About one hundred and fifty years after Christ, Ptolemy, the Egyptian astronomer, promulgated ideas concerning the universe which had been held in a measure by Plato and Aristotle. The Ptolemaic system of astronomy was held by the human race until the close of the fifteenth century. According thereto the earth was the center of the universe, the heavenly bodies revolving round it at a uniform rate and in regular circles, thus making the greater tributary to the lesser. In 1530 A.D. Copernicus, a German astronomer, corrected the old-time error, and mapped out the heavens scientifically. He taught that the sun was the center of the solar system, and perfectly at rest; that the earth and the planets moved in ellipses round the sun. His theory had been vaguely held by Pythagoras, but it required the courage of Copernicus to formulate the correct view of the universe. Kepler, Galileo, and Newton corroborated the Copernican view, and it is the theory accepted to-day concerning our solar system. Copernicus re-established the connection of the planetary system with the sun, like lost children restored to their father, and thereafter our earth has been held—in human belief—fast to the solar control by chains of resistless power, even while swinging in space ninety million miles distant from the sun. The stellar universe, according to the Copernican system, is in perfect sympathy and rhythmic harmony with the "central stillness." The lesser is, therefore, now truly tributary to the greater. The laws of weight, gravitation, and solar attraction and influence are thus preserved, according to human belief, making life and action possible, not only upon our planet, but upon other heavenly bodies as well.

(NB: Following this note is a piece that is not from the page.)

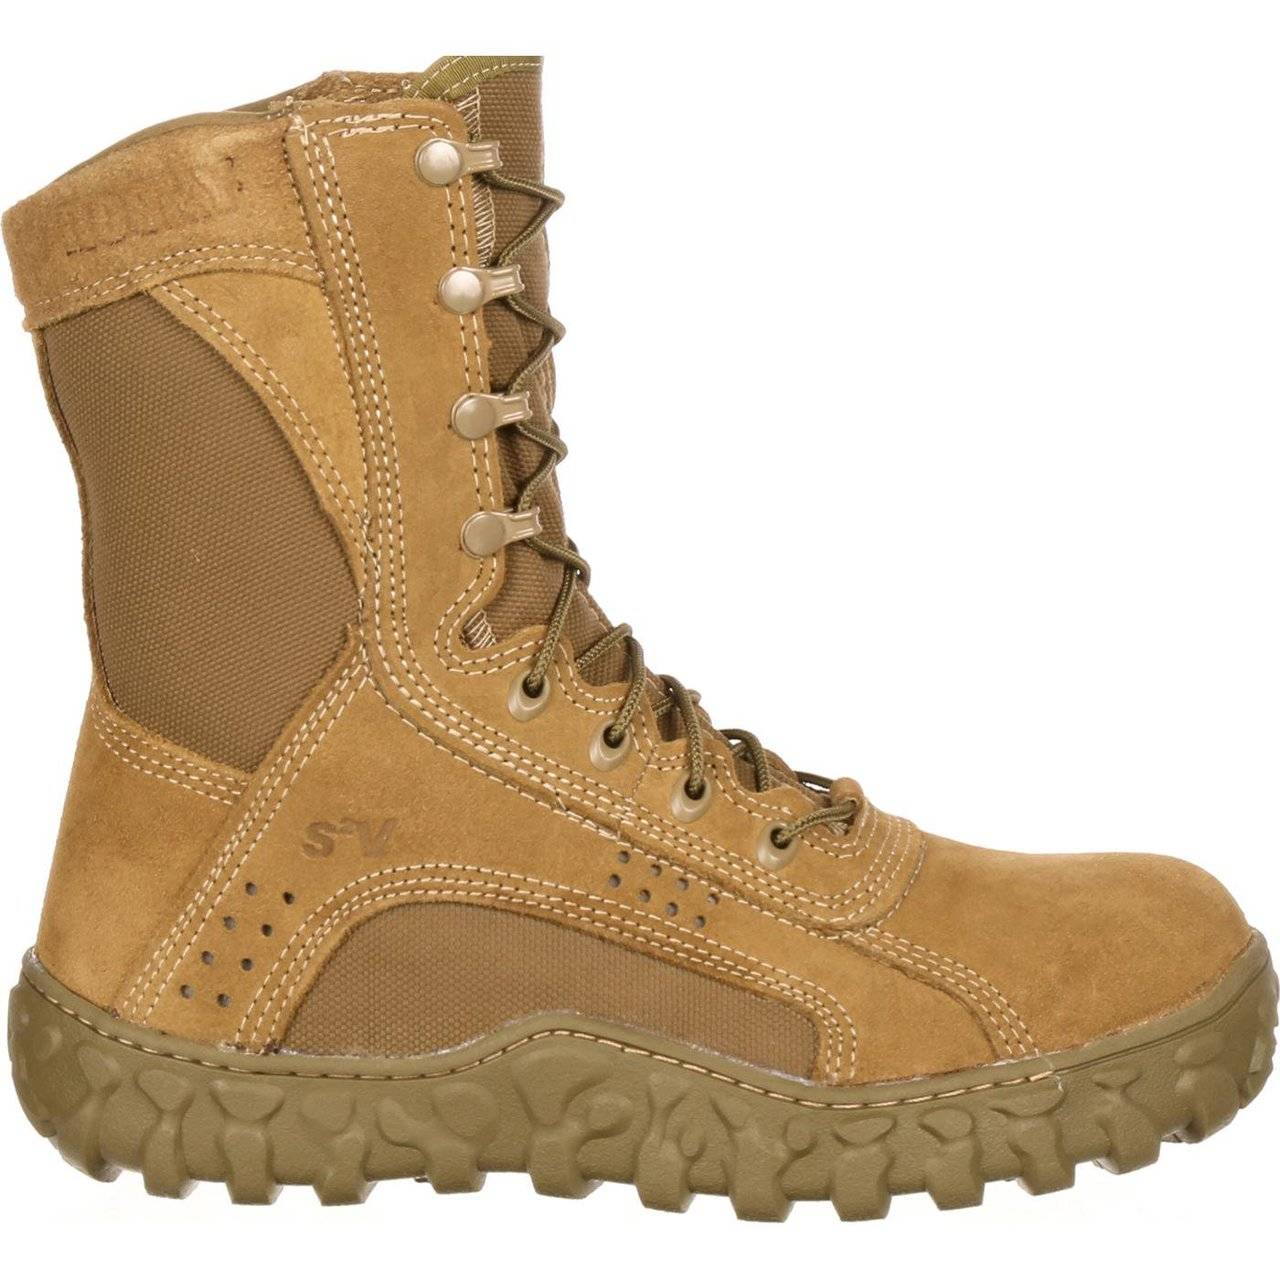 Rocky S2V Steel Toe Boots Military Boots

Galileo suffered at the hands of the Inquisition for upholding the idea of the movement of our earth in space. His famous whisper, "E pur si muove," has become historic. Jesus suffered martyrdom for declaring that the world moves Godward, and Mrs. Eddy has encountered human prejudice because she holds to this view. Like all truly great leaders of thought, Mrs. Eddy has corrected old-time error while following the footsteps of Christ Jesus, of whom she says, "The material senses' reversal of the Science of Soul was practically exposed nineteen hundred years ago by the demonstrations of Jesus" (Science and Health, p. 122). Something of the beauty and bravery of Mrs. Eddy's thought becomes apparent as she pleads for our acceptance of the theories Jesus brought into life,—our absolute dependence upon an attraction to the Father-Mother God; that we shine on as the quenchless reflection of all-controlling Principle, perfect even as our Father in heaven is perfect; subject in truth only to divine law and government. "Jesus beheld in Science the perfect man, who appeared to him where sinning mortal man appears to mortals. In this perfect man the Saviour saw God's own likeness, and this correct view of man healed the sick. Thus Jesus taught that the kingdom of God is intact, universal, and that man is pure and holy" (Science and Health, p. 476). Recognizing "a perfect Principle and idea,—perfect God and perfect man,—as the basis of thought and demonstration" (Ibid., p. 259), we are thus enabled to reverse in thought the error so long seeming to control ourselves and others, and so to help the race Godward.